RECORDS SHOWN:
┏━━

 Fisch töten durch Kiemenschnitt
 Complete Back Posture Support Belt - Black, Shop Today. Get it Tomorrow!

┗━━
┏━━

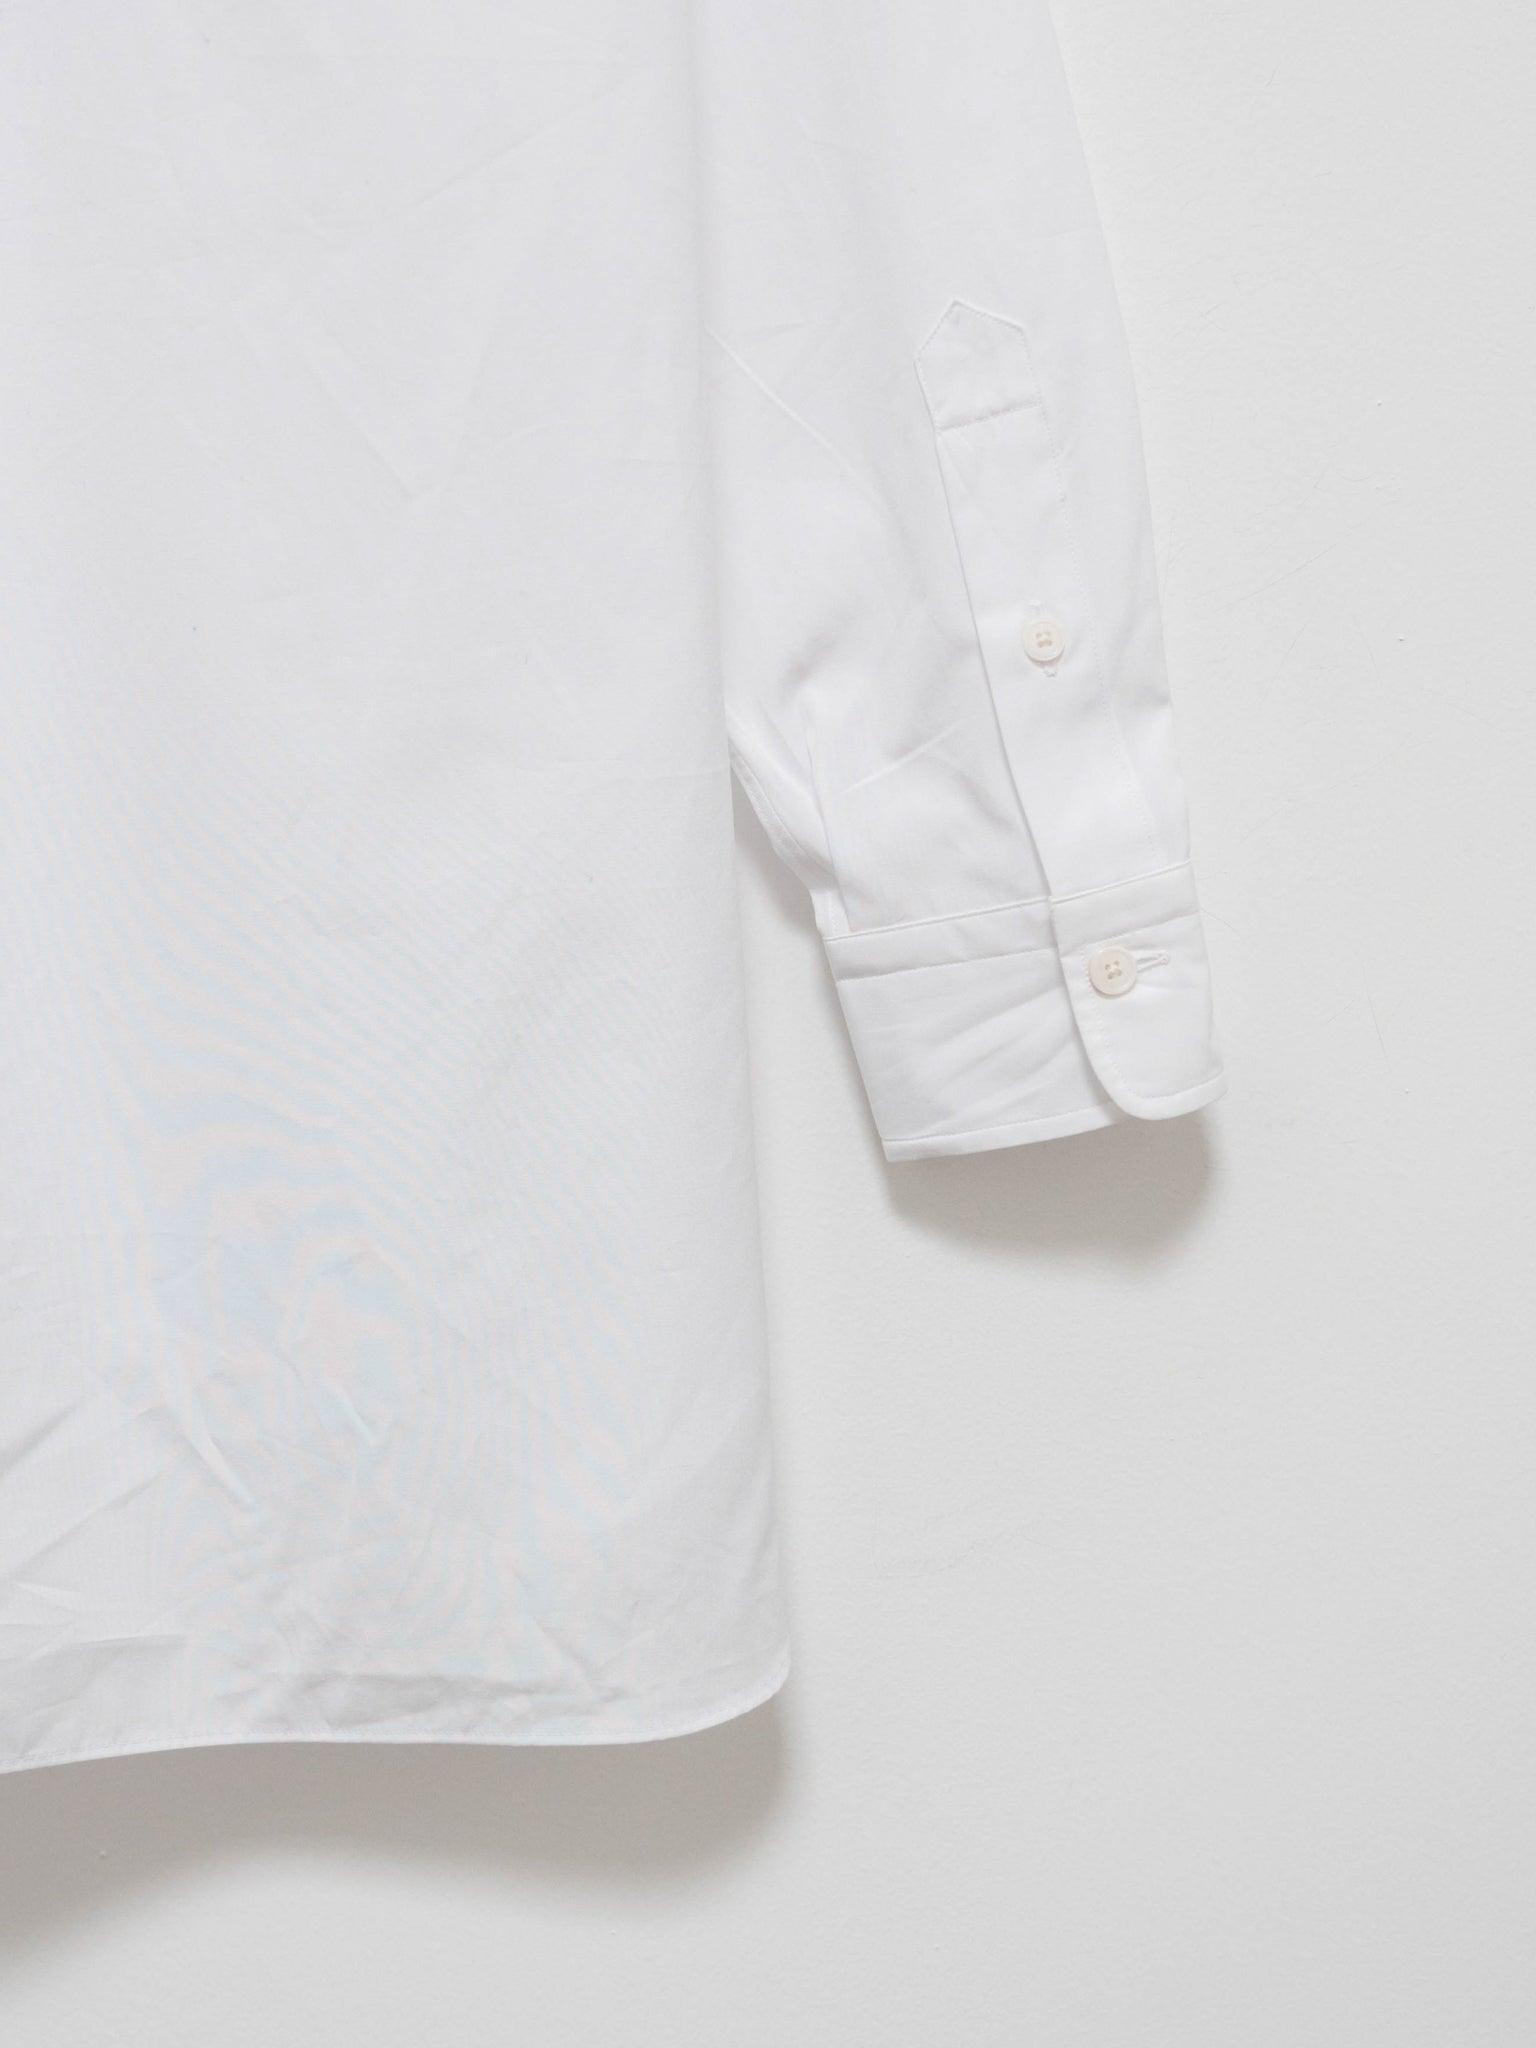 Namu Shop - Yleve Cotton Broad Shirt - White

┗━━

WHAT YOU WILL DO: The entries above hold the needed span. Transcribe exactly the lines from the one with "Fisch töten durch Kiemenschnitt" to the one with "Complete Back Posture", both included.

WRITTEN REPLY:
 Fisch töten durch Kiemenschnitt
 Complete Back Posture Support Belt - Black, Shop Today. Get it Tomorrow!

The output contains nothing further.